Balancing Speed and Patience: Micronotes’ AI Playbook Versus MIT Sloan’s “Wait-and-See” Strategy

By Devon Kinkead
Why the Question Matters
On 23 June 2025 Adam Job, Nikolaus S. Lang, Ulrich Pidun, and Martin Reeves published an excellent paper in the MIT Sloan Management Review arguing that, in times of elevated political and economic volatility, “wait-and-see” can be a deliberate strategy — but only when leaders (1) actively disengage from hard-to-reverse commitments, (2) build sharp “political sense-making” capabilities, and (3) prepare detailed re-engagement playbooks so they can strike the moment uncertainty recedes.
We here at Micronotes’ take almost the opposite stance for financial institutions: hesitating until data are “perfect” or infrastructure “complete” is itself a competitive risk. Micronotes showcases community banks and credit unions that are already extracting double-digit revenue lifts from AI-driven marketing automation today, precisely because they are willing to iterate quickly on imperfect data and wrap compliance into the workflow from day one.
So, should bankers jump now or hold fire? A side-by-side look reveals that the two philosophies are less contradictory than they appear.
Where the Perspectives Diverge
Dimension | MIT SMR “Wait-and-See” | Micronotes “Act-and-Learn” |
---|---|---|
Trigger for action | Political stability or clear policy signal. | Positive unit-economics on a single campaign. |
View of uncertainty | Try to reduce it first, then commit. | Accept that data will always be messy; design AI to thrive in it. |
Risk posture | Avoid lock-in; delay irreversible CapEx. | Limit downside by starting with narrow, compliance-scoped pilots. |
Organizational muscle | Build sensing teams and re-engagement playbooks. | Build rapid-test loops and regulatory guardrails into the platform. |
Time horizon stressed | Medium-term optionality. | Immediate, compounding ROI. |
Why Banks and Credit Unions Can’t Simply “Wait” on AI
- Data advantage compounds. Models improve with every interaction; pausing cedes learning curves to faster rivals.
- Regulatory barriers are falling. Purpose-built fintech platforms now embed FCRA, ECOA, and UDAAP checks, lowering the cost of early experiments.
- Customer expectations shift in real time. A six-month delay can mean losing digitally savvy borrowers to institutions that already personalize offers.
Where “Wait-and-See” Does Belong in an AI Roadmap
- Large-scale core replacement. Migrating an entire origination or core stack is a classic hard-to-reverse bet; here MIT’s counsel to defer until policy clarity (e.g., CFPB rulemaking) emerges is prudent.
- Public-facing generative chatbots. Risk of hallucination and brand damage may warrant observing early movers before scaling.

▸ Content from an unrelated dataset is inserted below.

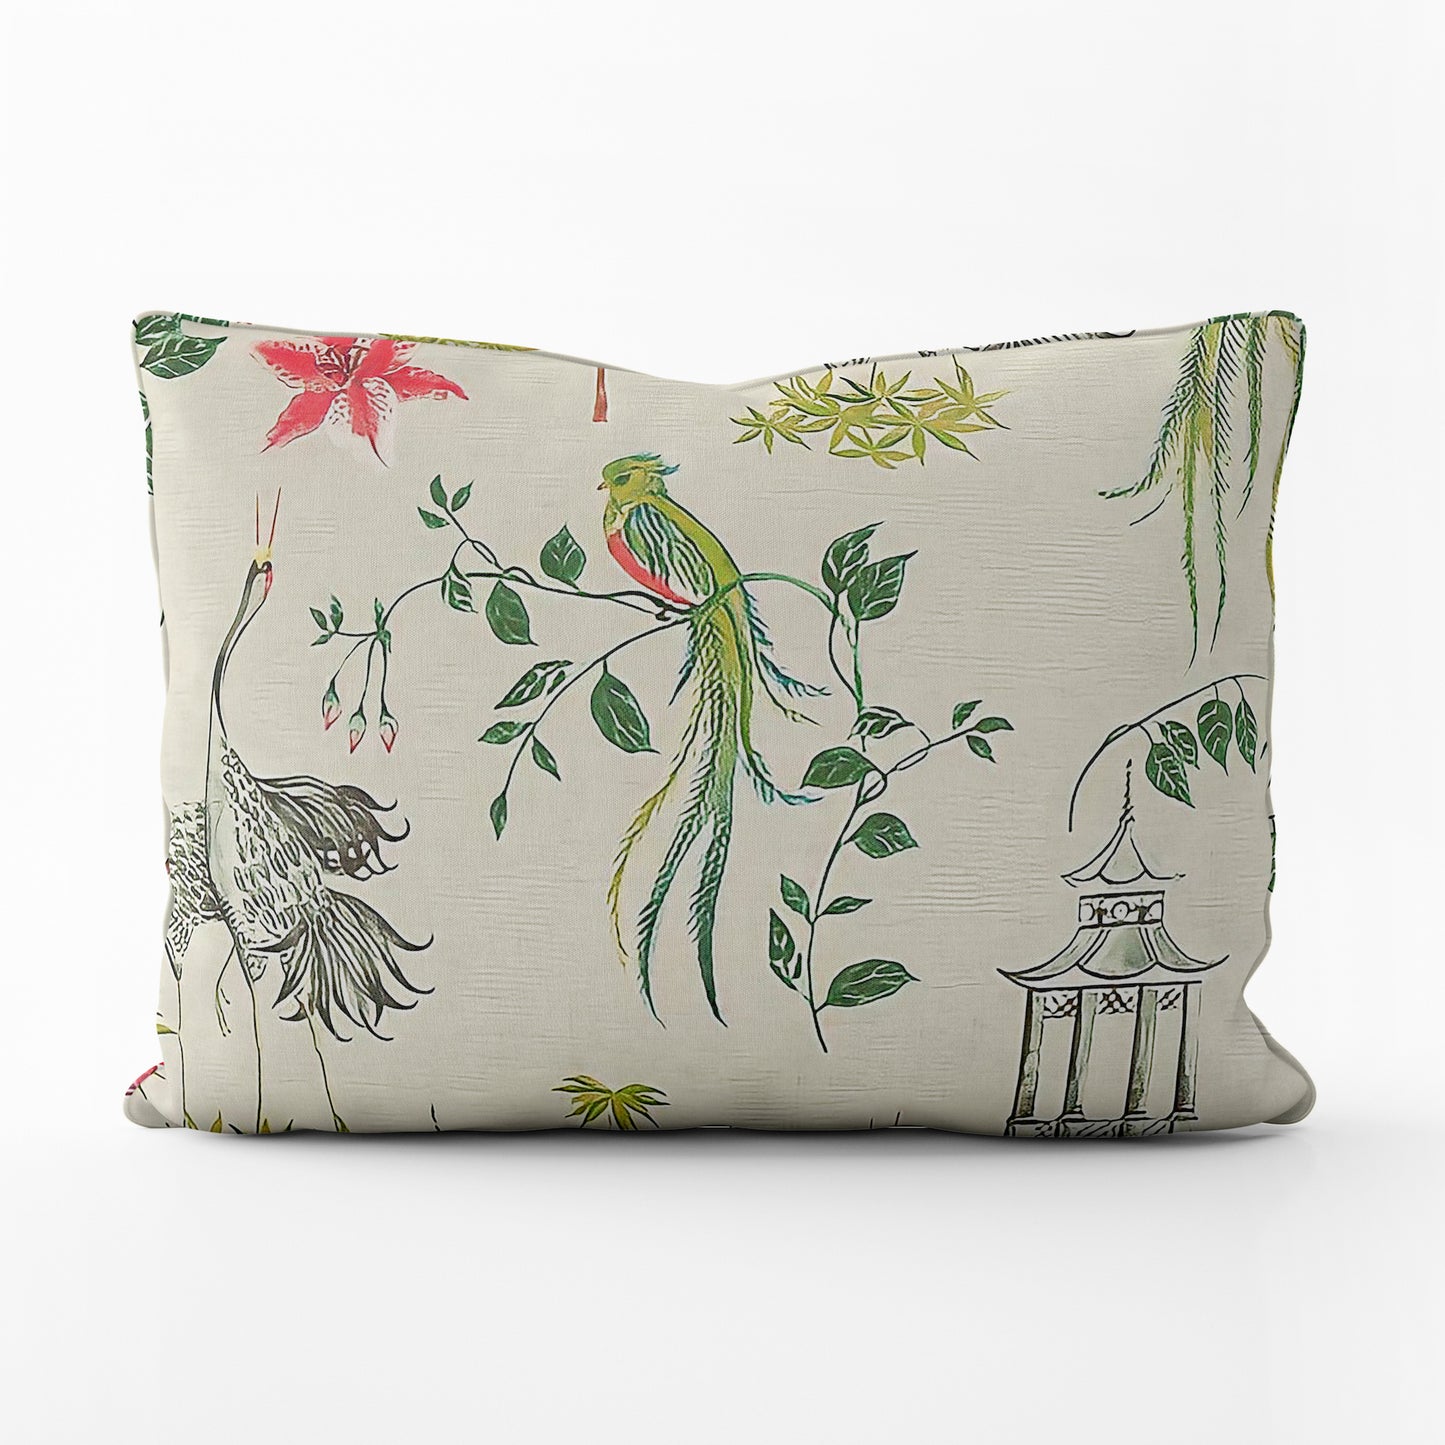 Decorative Pillows in Let It Crane Avocado Oriental Toile, Multicolor Chinoiserie

- Geopolitically sensitive data hosting. If cross-border data or privacy rules are in flux, contractual optionality — not immediate build-out — is sensible.
A Reconciled Playbook
Phase | Practical Actions |
---|---|
1. Low-commitment pilots | Use Micronotes’ Automated Prescreen on a single product line to validate lift while keeping capex close to zero. Results in 90 days guide broader investment. Switch-on a 90-day Pilot of Micronotes’ Cross-Sell to validate customer/member digital engagement and e-service adoption in advance of contracting. |
2. Active sensing | Stand up the “situation room” MIT SMR advocates — but feed it with real-time campaign telemetry, not just policy news. |
3. Option creation | Secure vendor contracts with exit clauses, giving freedom to swap models as regulation evolves. |
4. Re-engagement triggers | Define metrics (e.g., ROI and/or specific regulatory change) that automatically graduate a pilot to scaled rollout. |
Takeaways for Bank and Credit Union Executives
- Treat AI pilots as options, not bets. A $50K test that can be unplugged in a a couple of months meets MIT’s reversibility test yet still accelerates learning.
- Separate infrastructure patience from use-case urgency. You can wait on that core migration while still running AI-driven marketing in the front office.

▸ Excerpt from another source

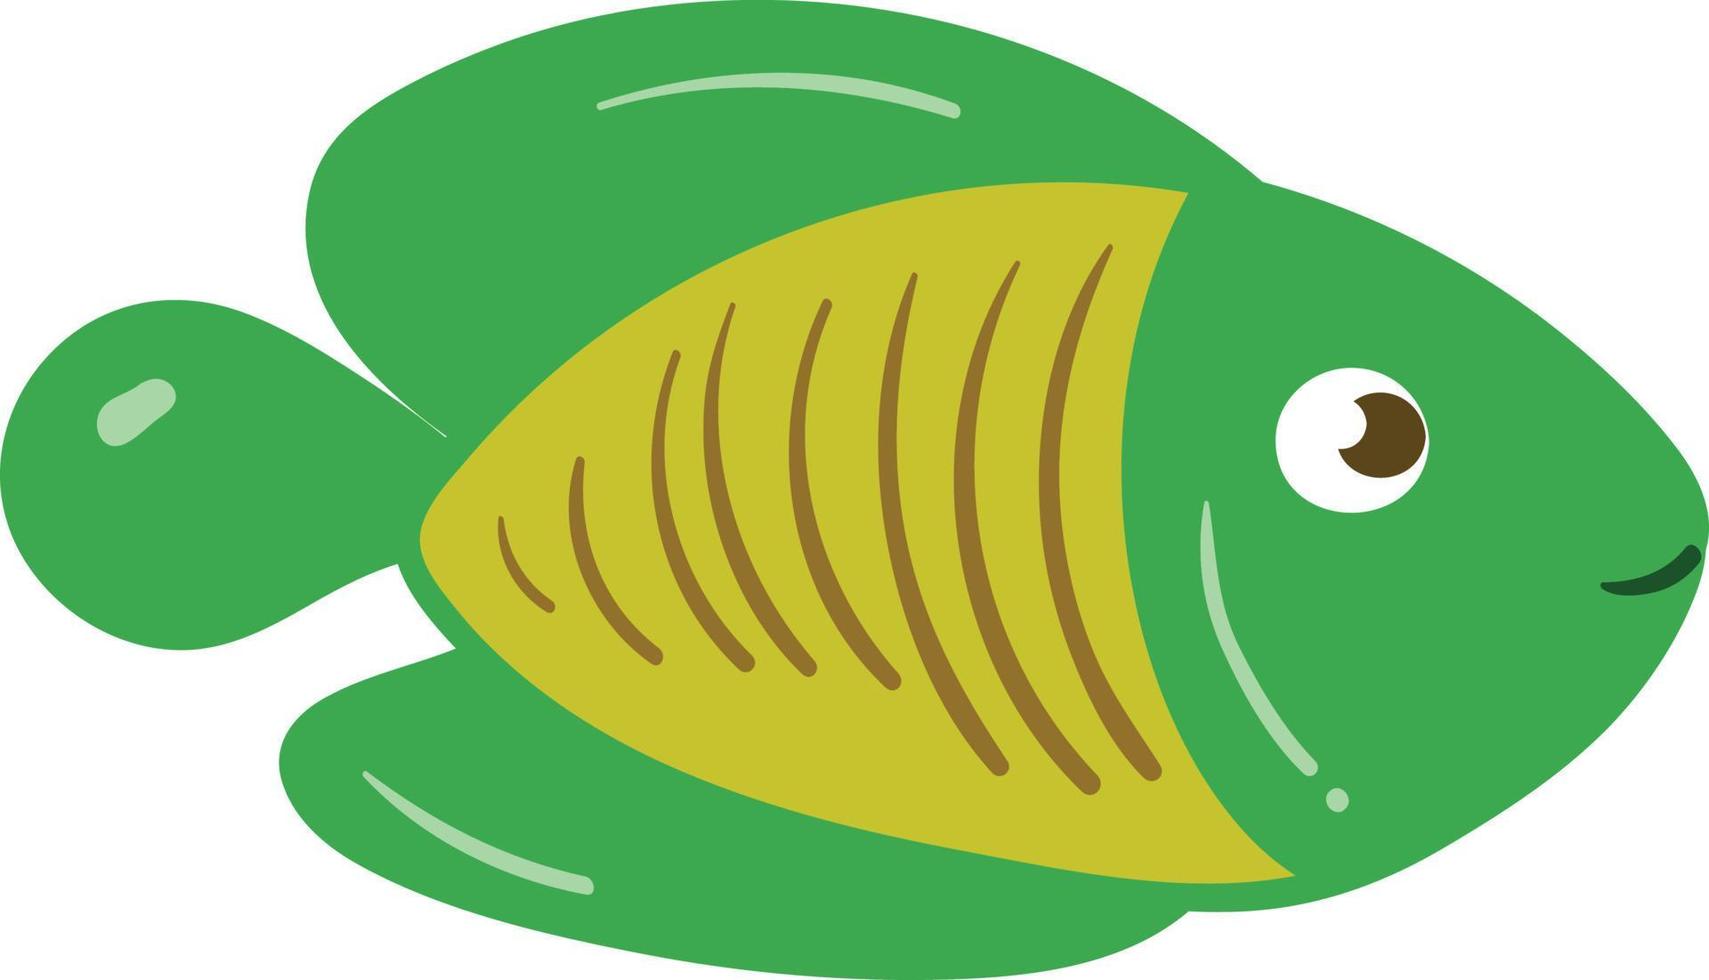 pesce verde con squame gialle. illustrazione vettoriale di carino pesce tropicale verde.

- Institutionalize both loops. Build a governance layer that periodically asks Sloan’s five questions about lock-in risk while continuously feeding Micronotes’ campaign data back into model retraining.
Bottom line: Waiting makes sense when commitments are huge and the policy fog thick. But AI marketing campaigns, scoped narrowly and designed for compliance, are precisely the kind of low-regret experiments that should not wait. In 2025, the smart strategy is to wait selectively — and learn aggressively.